Created attachment 30368 [details] fixed test case (correct recursive traversal)
The loop in loop() isn't removed because it's potentially infinite, and GCC doesn't remove infinite loops by default. Add -funsafe-loop-optimizations to do that (loop() will then become an empty function). The recursion isn't removed because all calls to non-const non-pure functions are deemed necessary. dead code removal could be made to handle this with some trickery. We'd need to not mark recursive calls as inherently necessary at first, but only later if we mark anything in the function except the return statement necessary.
Is it a plausible assumption that if a function is not marked as 'noreturn' and the loop doesn't change the program's state then the loop could be optimized away? Cases: - the loop terminates, but the state is not changed, NOP - the loop does not terminate (in this case a cycle of the Node's), but the function should return (no noreturn attr), so this is probably a bug in the prg I can't think of any cases right now for the second point where that would be the desired behaviour of the program, instead of a bug. Please comment on this.

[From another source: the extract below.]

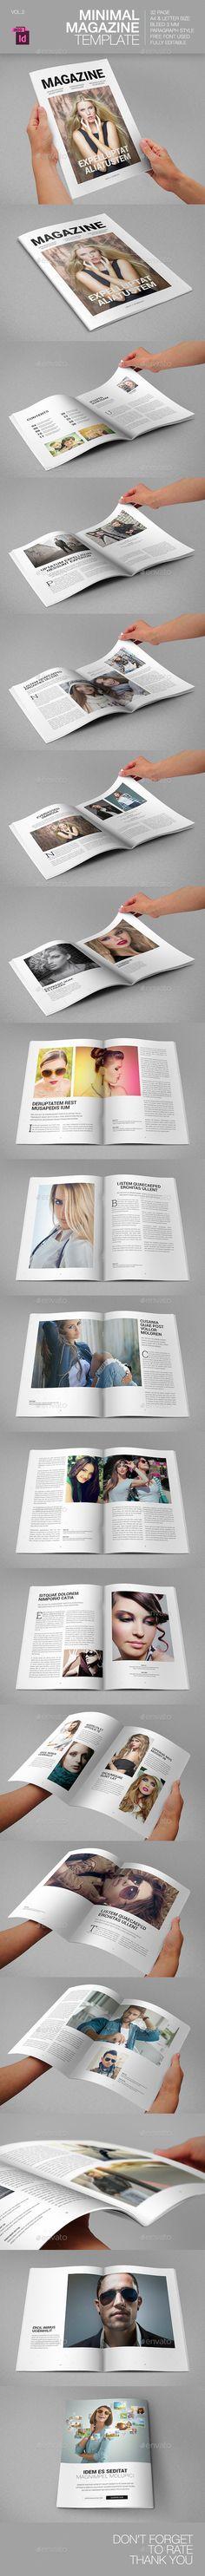 Minimal Magazine Template — InDesign INDD #fashion #style magazine • Available here → https://graphicriver.net/item/minimal-magazine-template/9228003?ref=pxcr

(In reply to petschy from comment #7) > Is it a plausible assumption that if a function is not marked as 'noreturn' > and the loop doesn't change the program's state then the loop could be > optimized away? It's not unplausible, but still wrong, see below. GCC optimizes empty loops only away if the functions containing them are marked pure or const (the argument being that an infinite loop is in itself a side-effect observable from outside). This could be extended to also do that for functions without the noreturn attribute. But it would be a relatively large change in semantics. That is because noreturn attributes are optional; functions that don't return aren't required to be so marked, so in practice a missing noreturn attribute doesn't mean anything. So, when GCC starts to remove infinite loops in functions missing it (in practice most functions) this might change behaviour (which you already can have with the unsafe-loop-optimization flag). The problem lies with multi-threaded programs. A function containing an infinite loop could be stopped from a different thread. While I'll happily admit that this is a quite unlikely behaviour, you can construct a valid program that will break with infinite-loop removal. So it seems that if any other attribute should trigger this in addition to const/pure (which have other effects of course), it would have to be a new one, with positive meaning, ala "this-function-does-return". I'm not aware of anyone sufficiently motivated to work on this. Perhaps you are, if so, look for finite_loop_p() in tree-ssa-loop-niter.c for the place to lookup the new attribute, and builtin-attrs.def for the place to define a new attribute. > Cases: > - the loop terminates, but the state is not changed, NOP > - the loop does not terminate (in this case a cycle of the Node's), but the > function should return (no noreturn attr), so this is probably a bug in the > prg > > I can't think of any cases right now for the second point where that would > be the desired behaviour of the program, instead of a bug. Please comment on > this. See the multi-threading example.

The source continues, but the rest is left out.